- DATASET SECTION

╭──

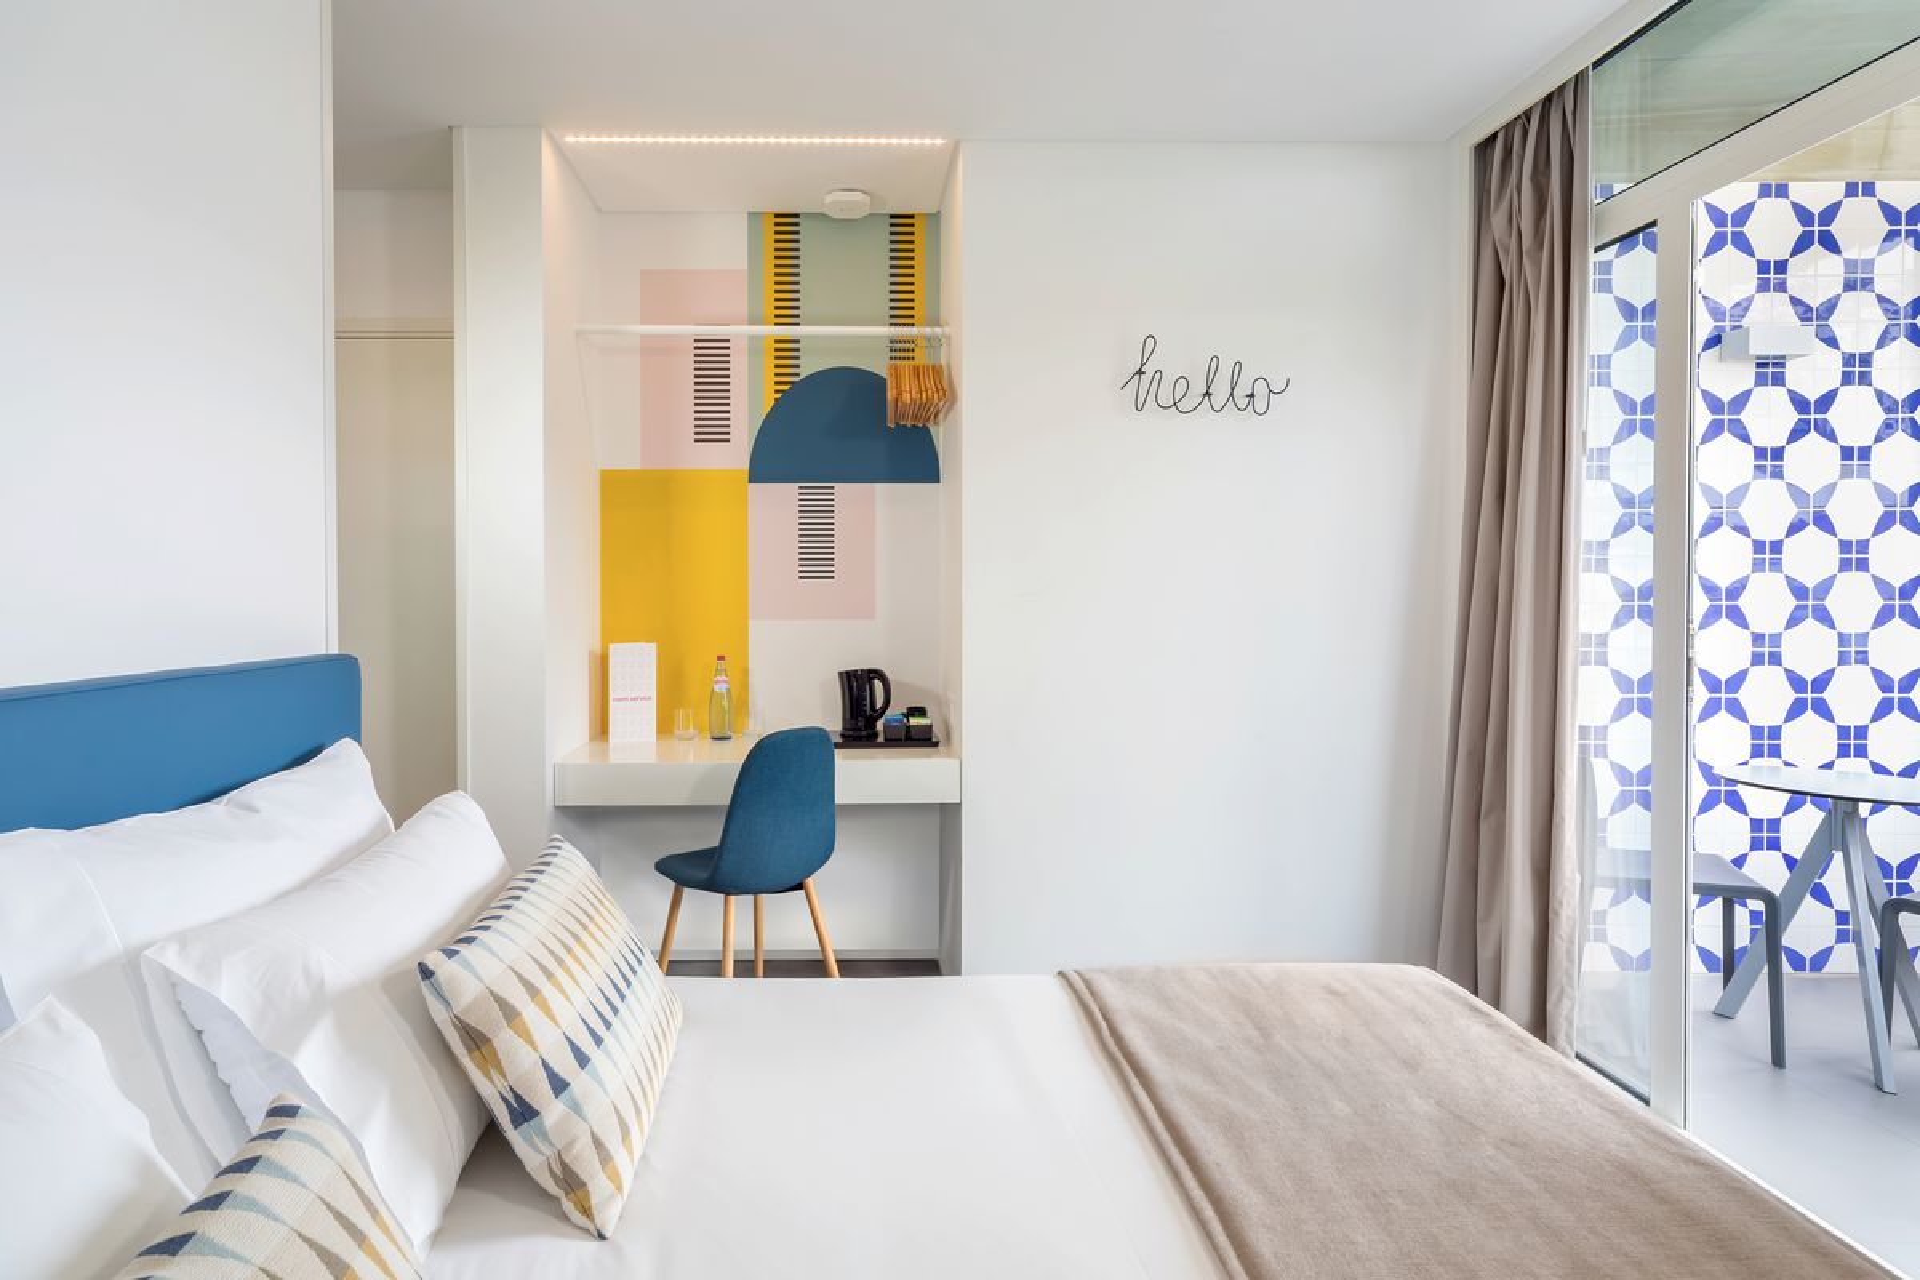 Madère - Ile de Madère - Hôtel Allegro Madeira 4*
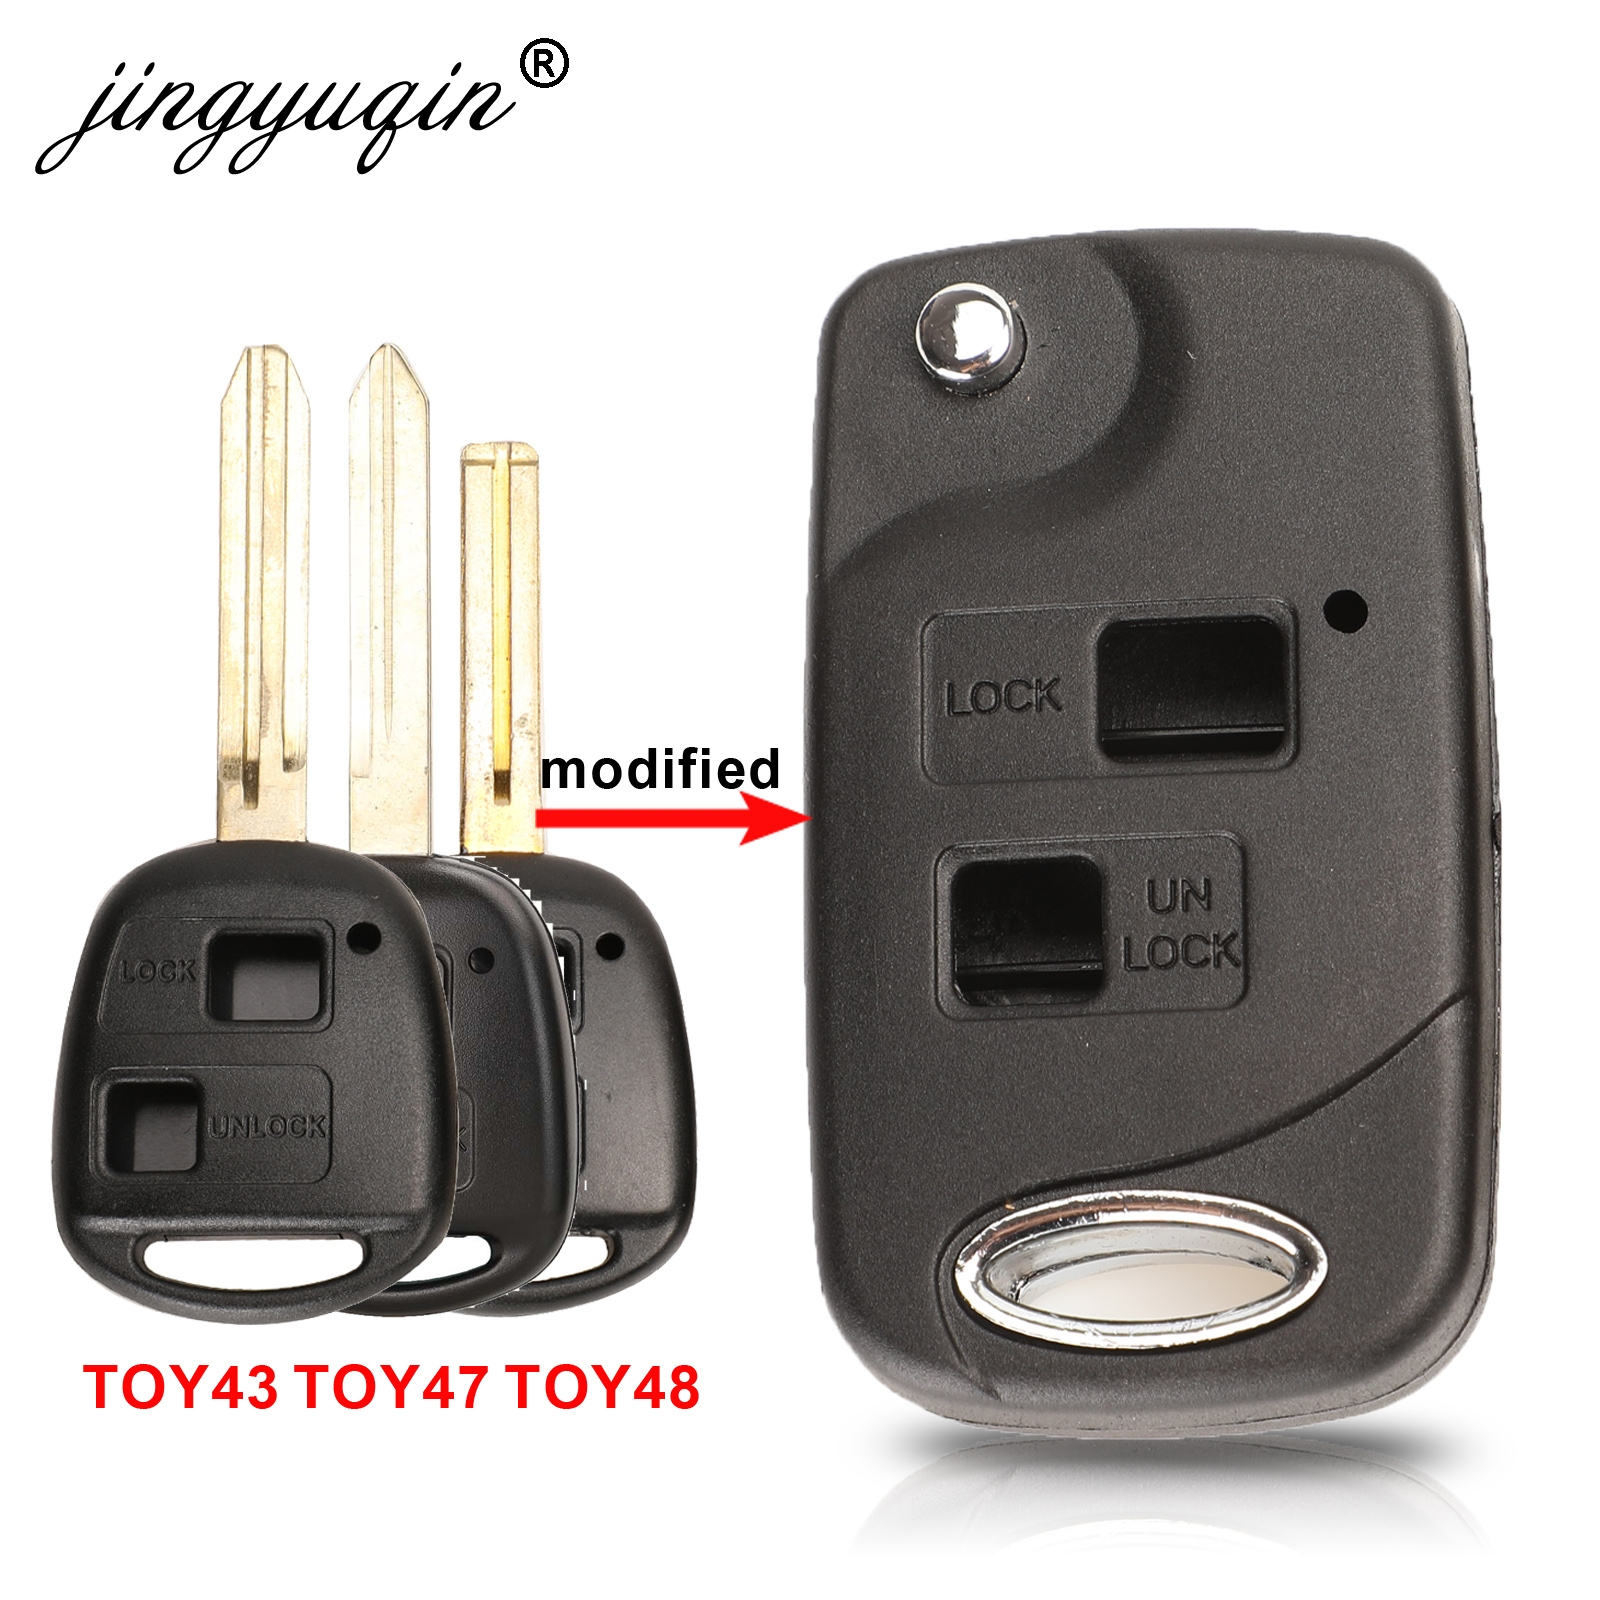 Чехол-брелок jingyuqin для Toyota RAV4 Avalon Echo Prado Tarago Camry Tarago TOY43 / TOY47 TOY48
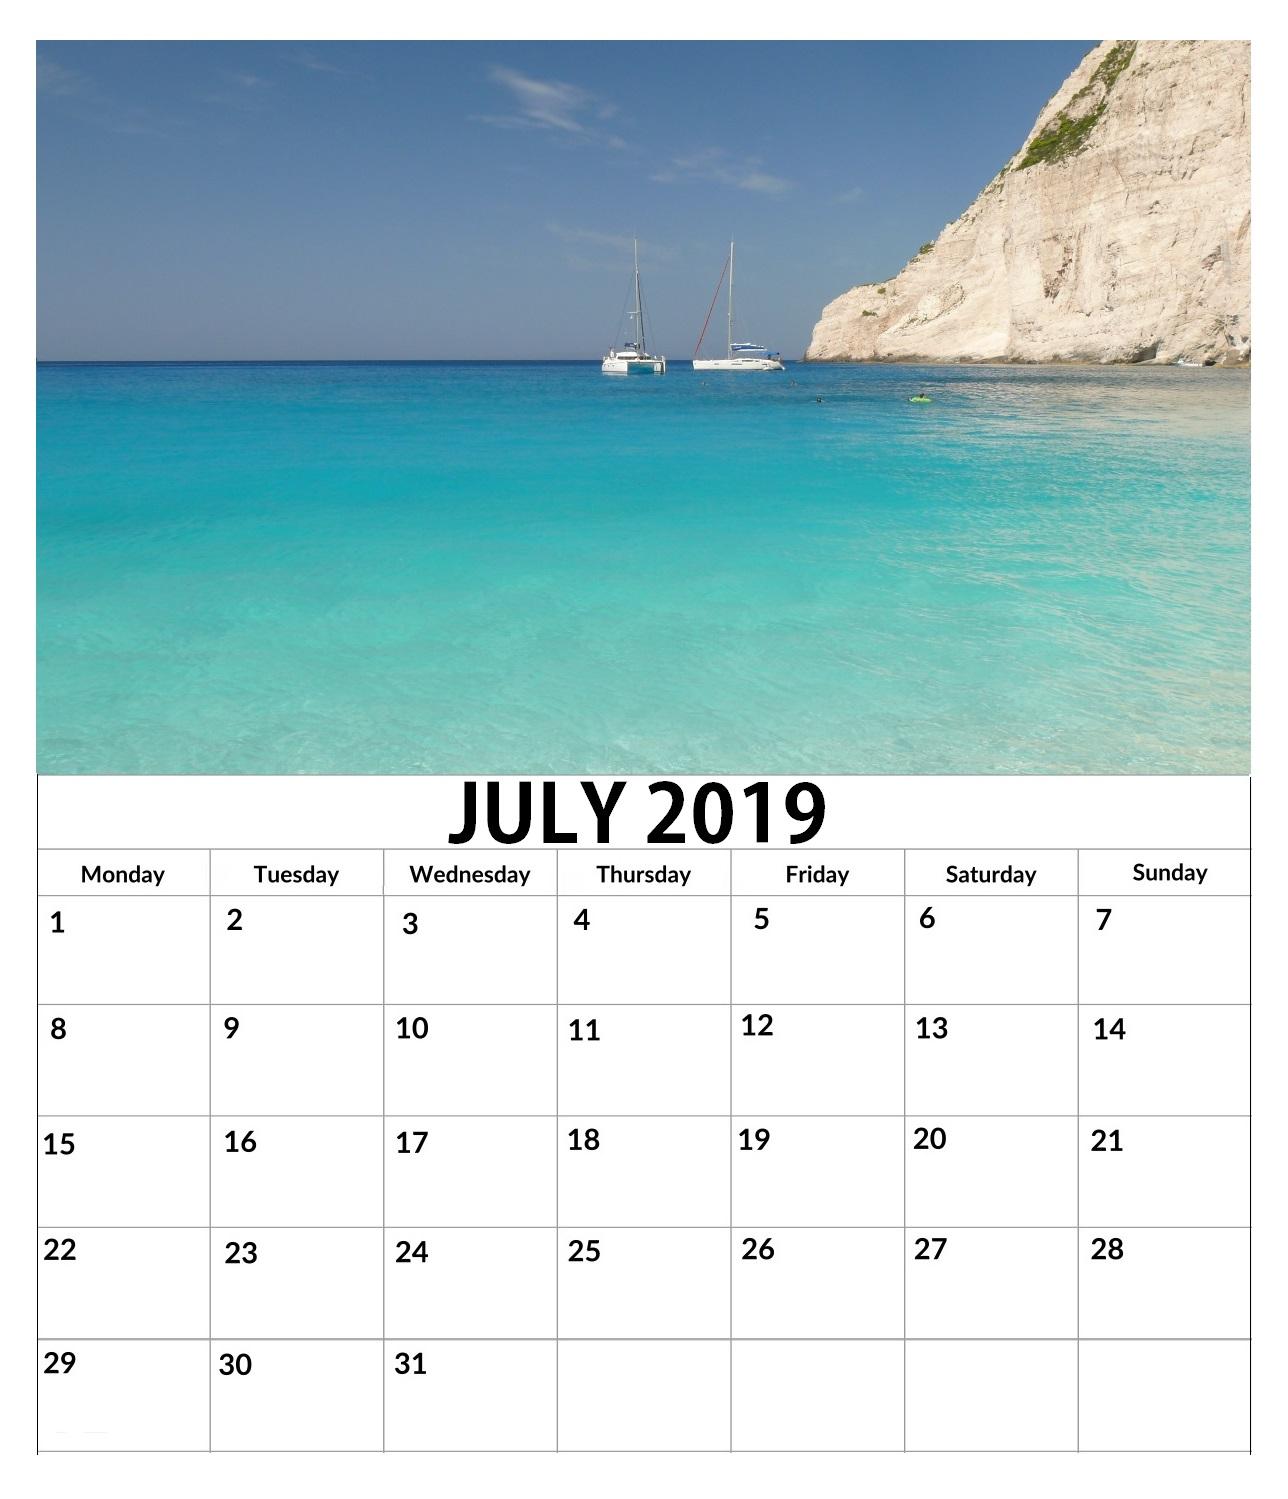 July 2019 Wall Calendar To Print

╰──

- YOUR TASK
All of the lines above must be repeated without alteration, though the pictures are to be excluded.

- RESULT BELOW
 Madère - Ile de Madère - Hôtel Allegro Madeira 4*
 Чехол-брелок jingyuqin для Toyota RAV4 Avalon Echo Prado Tarago Camry Tarago TOY43 / TOY47 TOY48
 July 2019 Wall Calendar To Print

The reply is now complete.